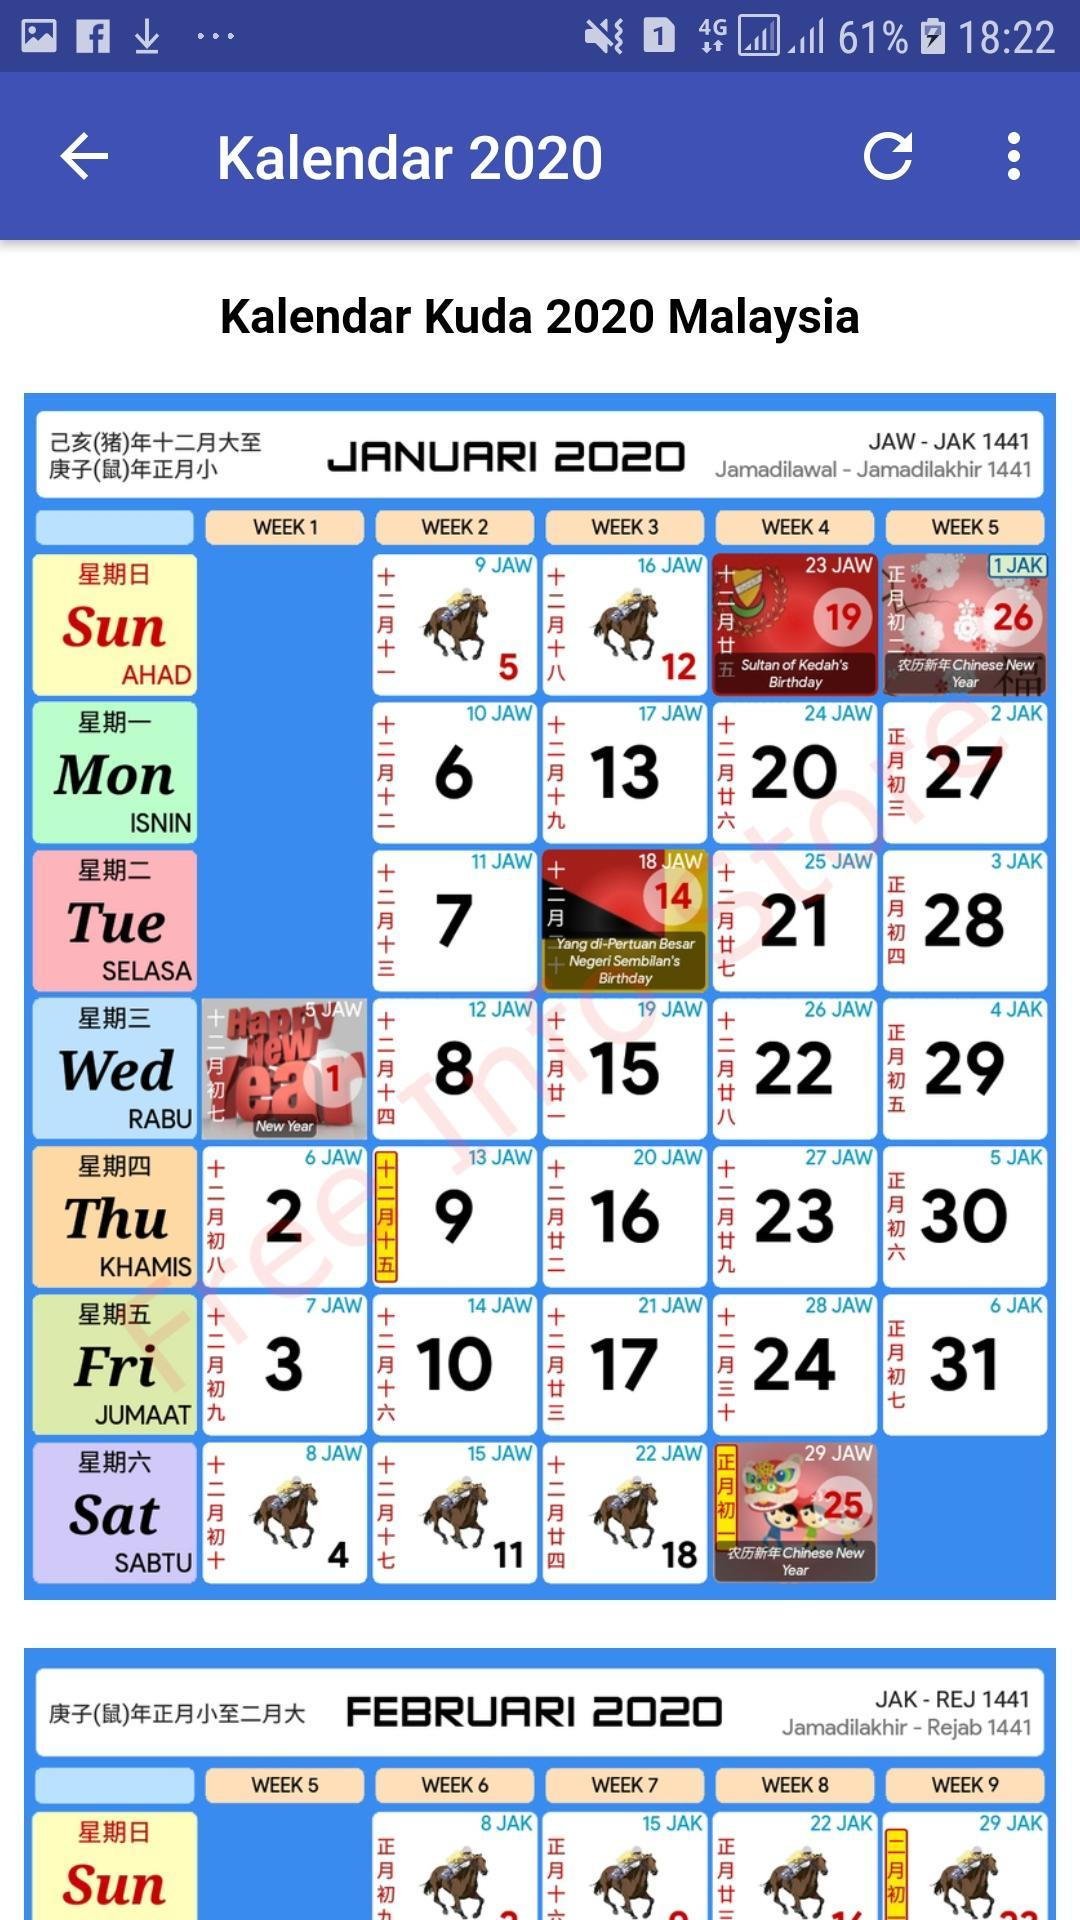 Kalendar Kuda 2020 For Android  Apk Download intended for Kalendar Kuda Tahun 2020
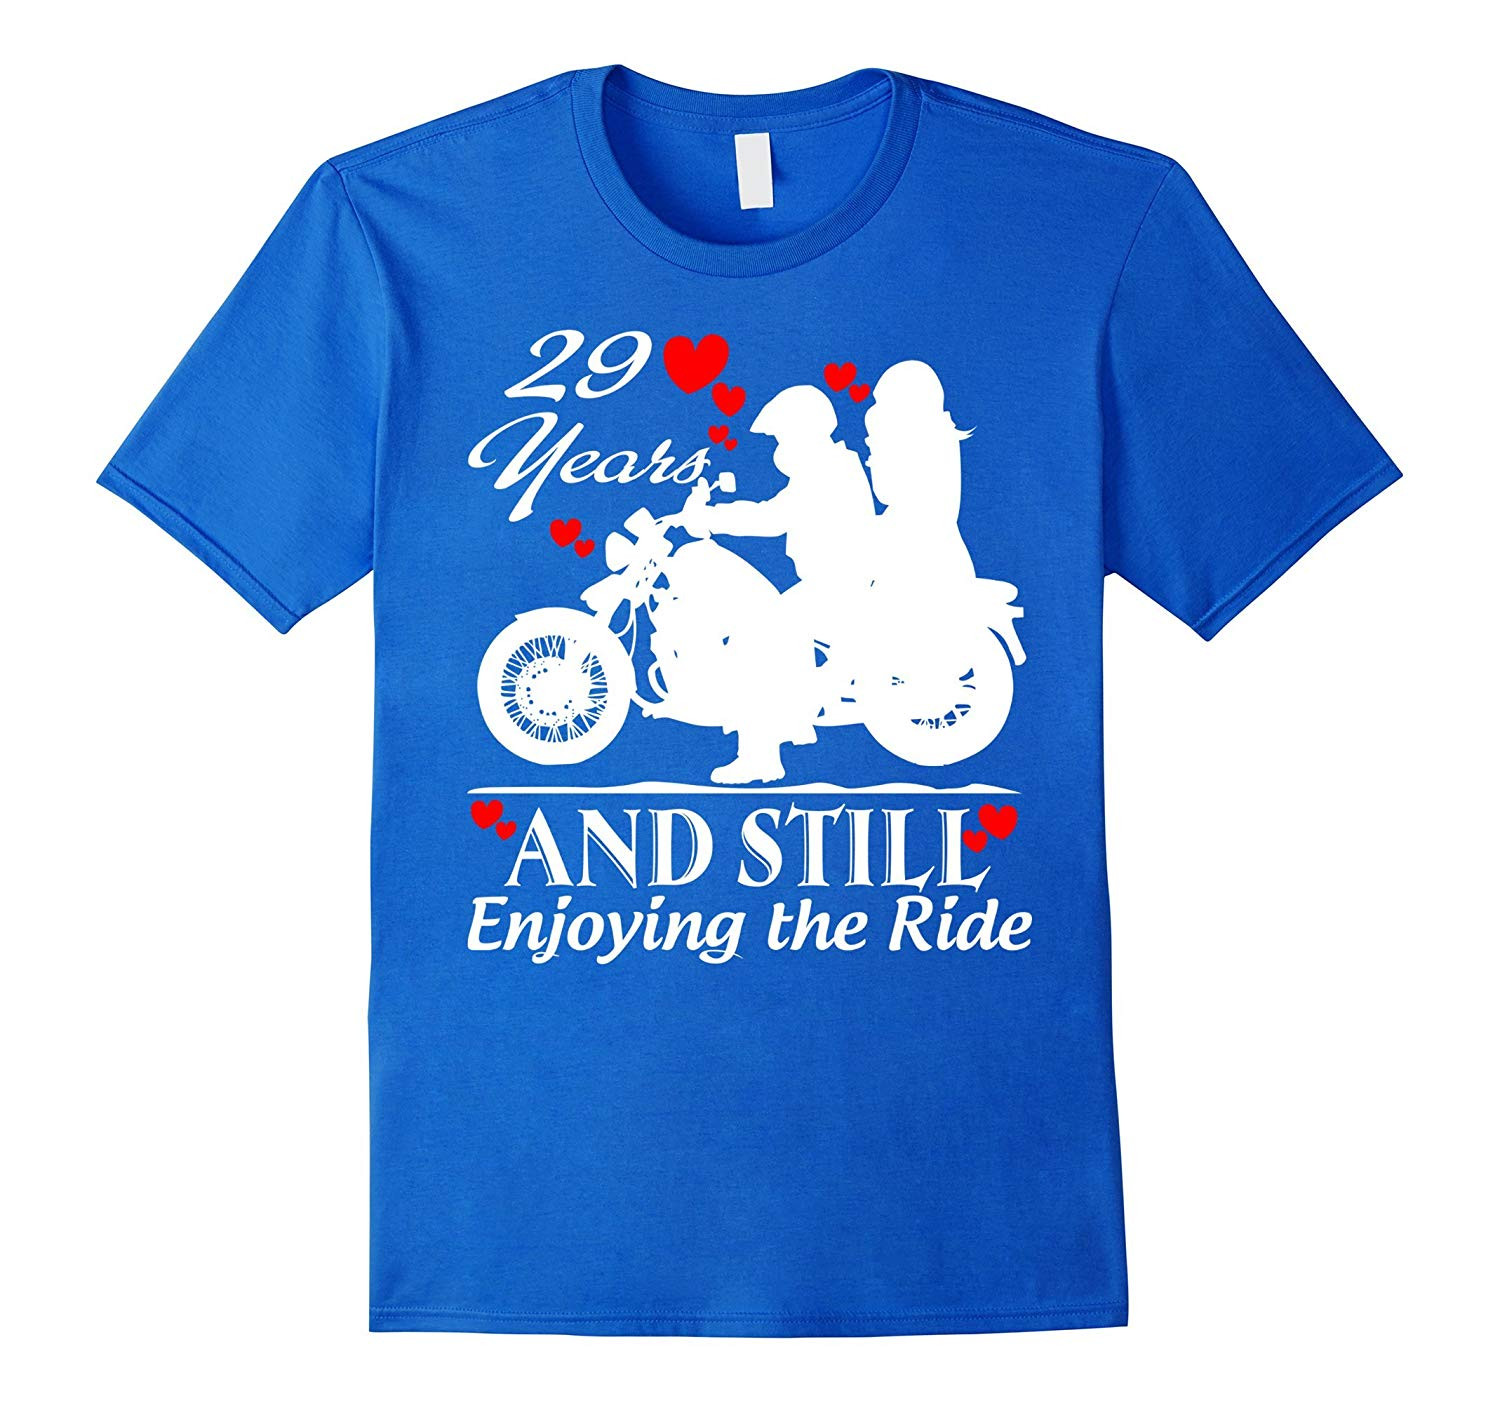 29Th Wedding Anniversary Gift Ideas
 29th Wedding Anniversary Gifts Shirt – Perfect Couple
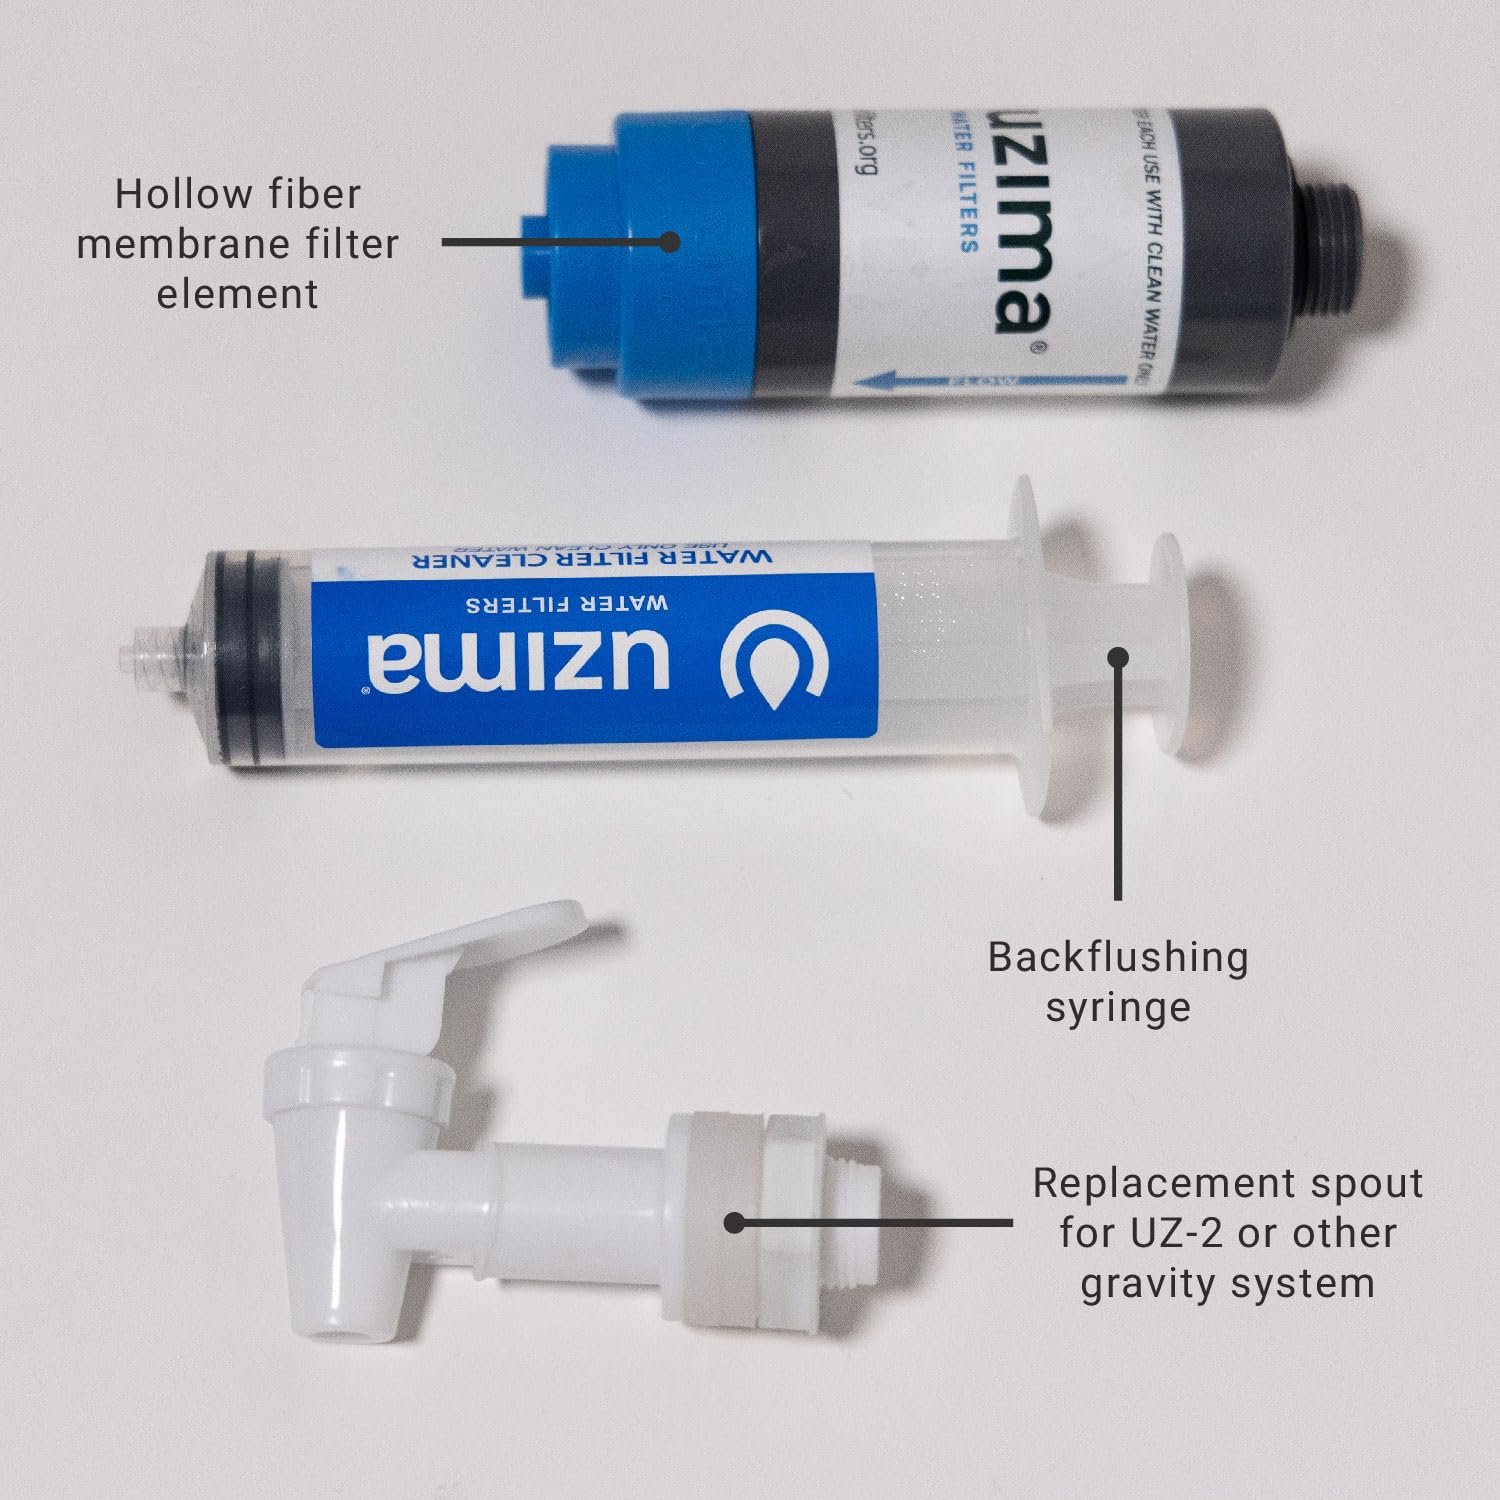 UZ-1 Water Filter Cartridge Review

* _HOW TO COMPLETE THIS TASK_: The whole listing above is to be printed exactly; the pictures stay out.

* _ANSWER BOX_:
 Kalendar Kuda 2020 For Android  Apk Download intended for Kalendar Kuda Tahun 2020
 29Th Wedding Anniversary Gift Ideas
 29th Wedding Anniversary Gifts Shirt – Perfect Couple
 UZ-1 Water Filter Cartridge Review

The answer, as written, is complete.